After finding the line with "道家阴符派博客--东瀛鹿儿岛(8):御宿神社的风水--云游 2", restate it and each remaining line of the material word for word, omitting every picture.

Supplied information.
+ + + +
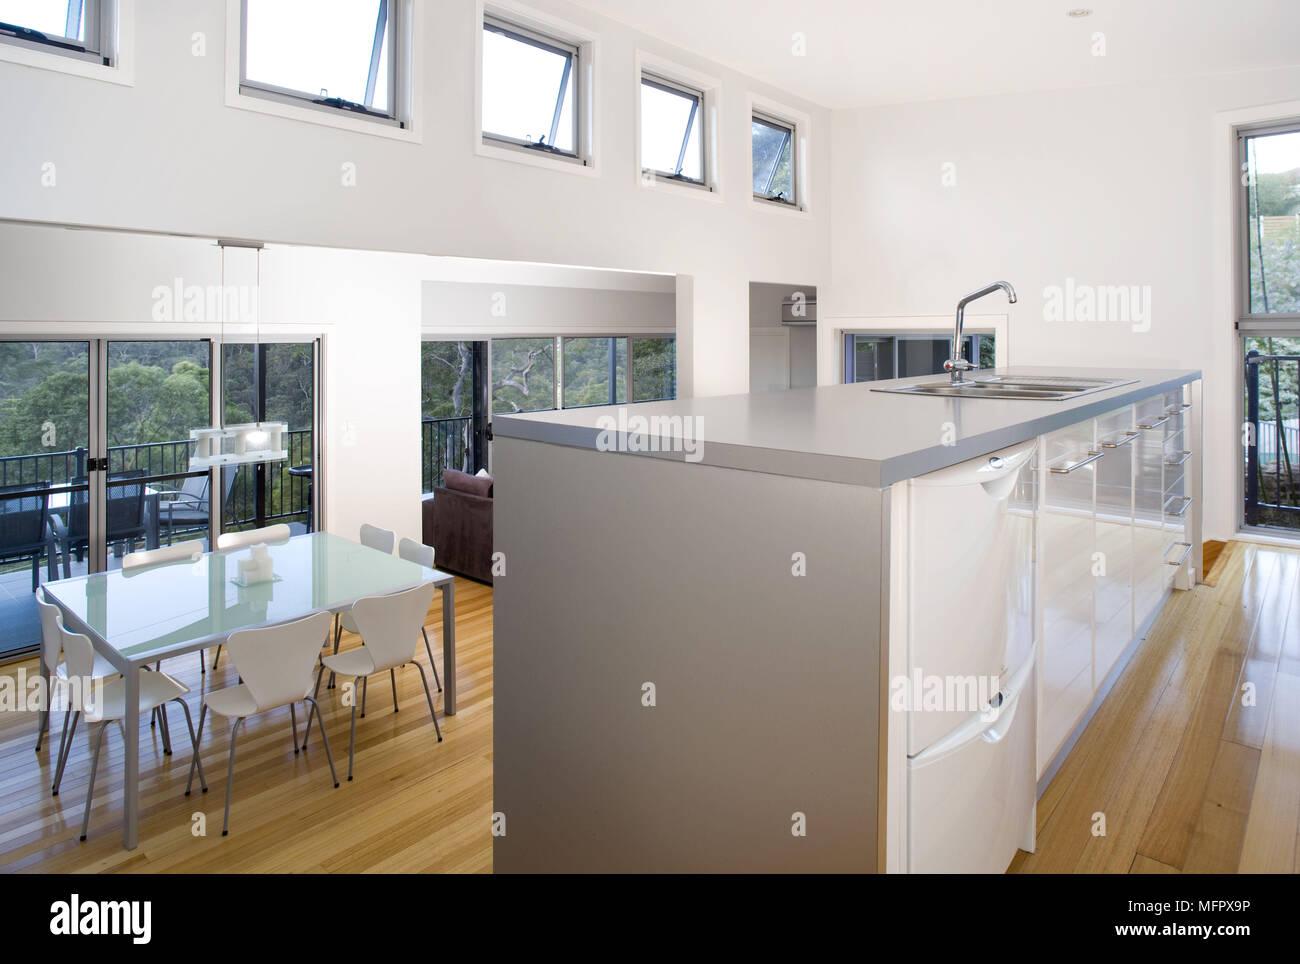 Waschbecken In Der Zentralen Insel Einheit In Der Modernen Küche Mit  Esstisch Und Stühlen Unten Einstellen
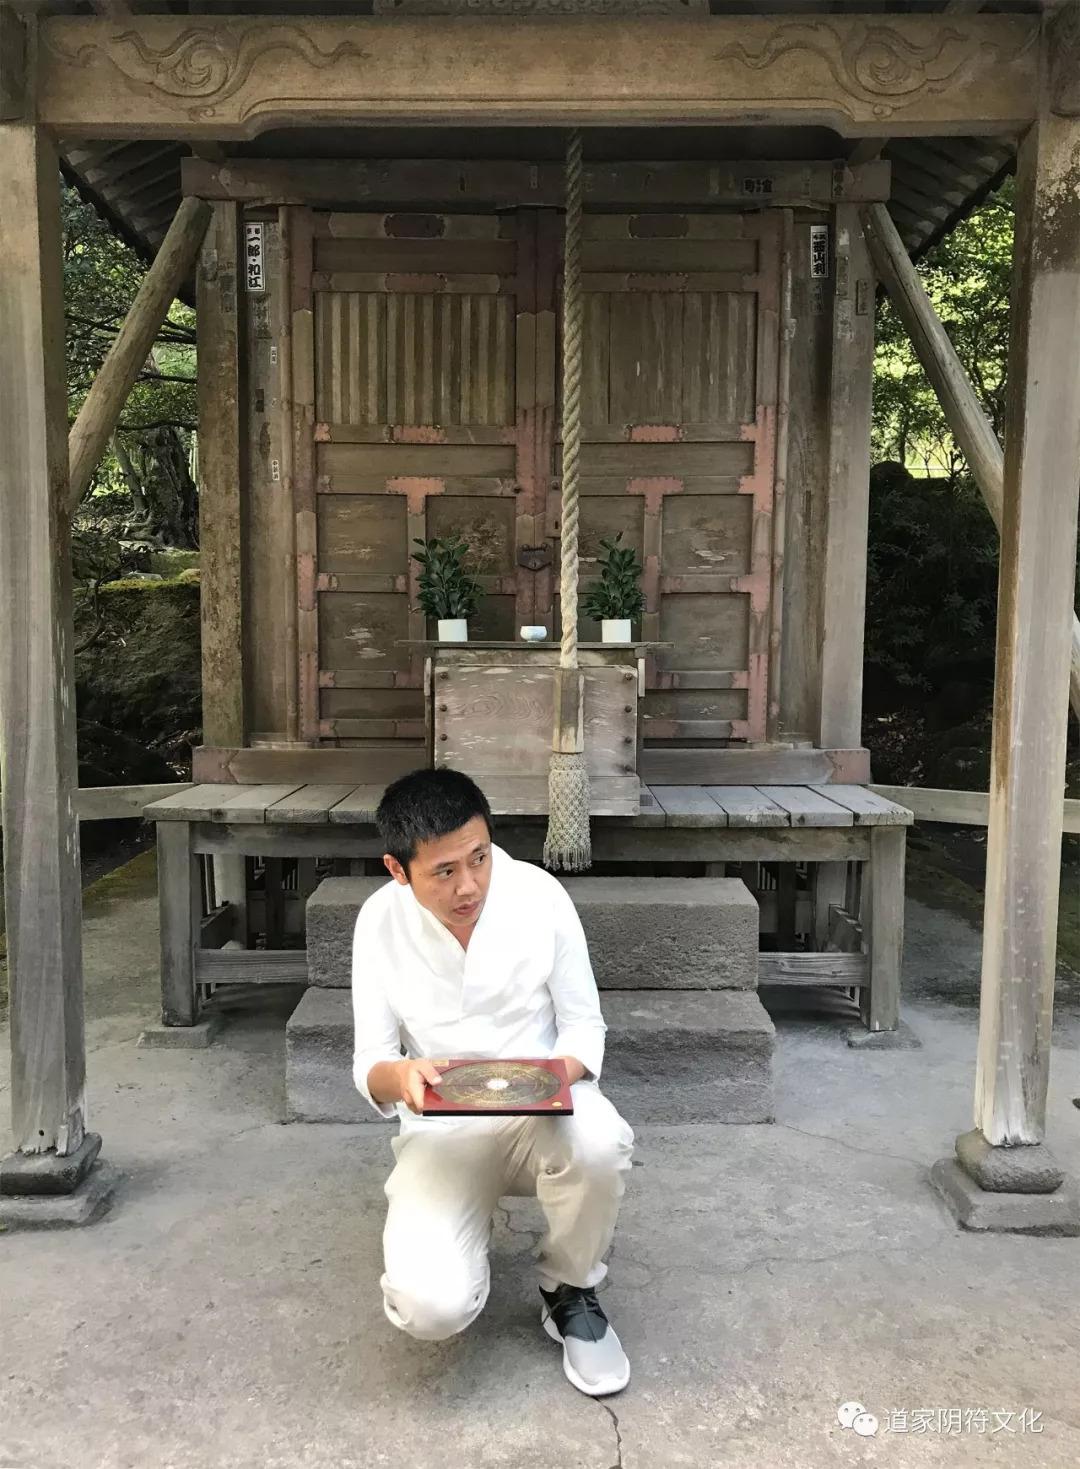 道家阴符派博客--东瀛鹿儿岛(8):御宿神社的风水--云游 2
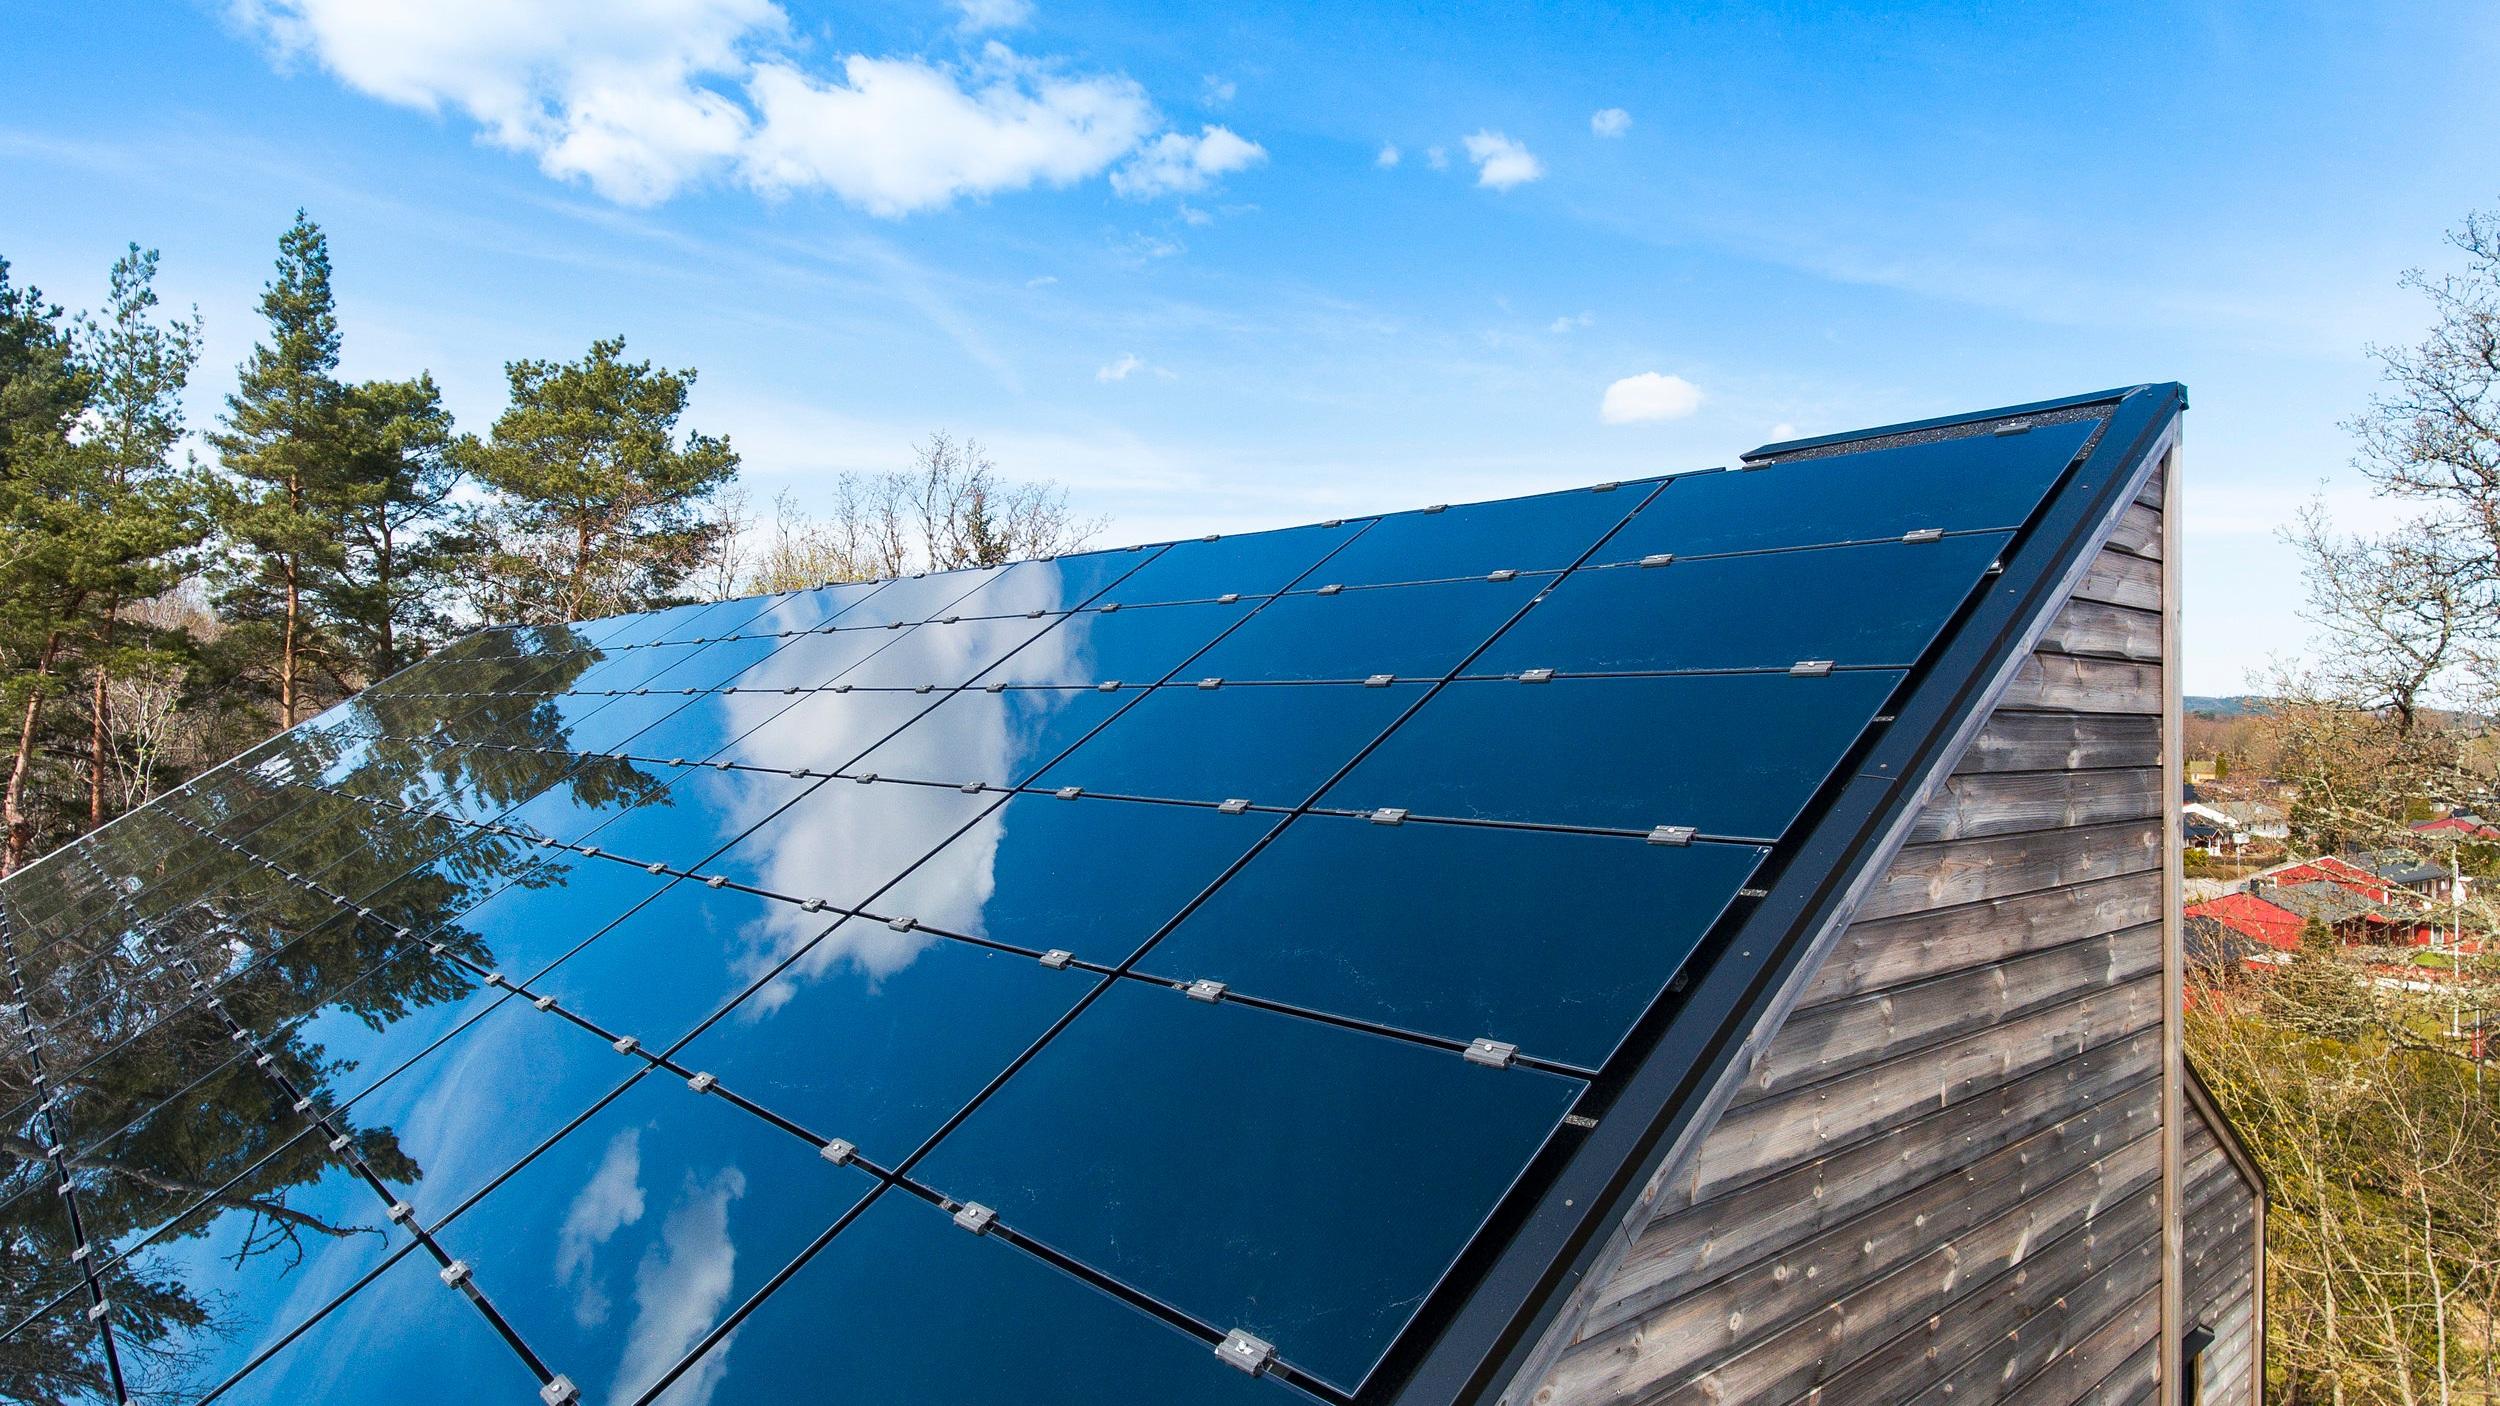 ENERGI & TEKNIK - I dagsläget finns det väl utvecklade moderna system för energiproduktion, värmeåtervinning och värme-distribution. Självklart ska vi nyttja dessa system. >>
+ + + +
Answer to the problem.
 道家阴符派博客--东瀛鹿儿岛(8):御宿神社的风水--云游 2
 ENERGI & TEKNIK - I dagsläget finns det väl utvecklade moderna system för energiproduktion, värmeåtervinning och värme-distribution. Självklart ska vi nyttja dessa system. >>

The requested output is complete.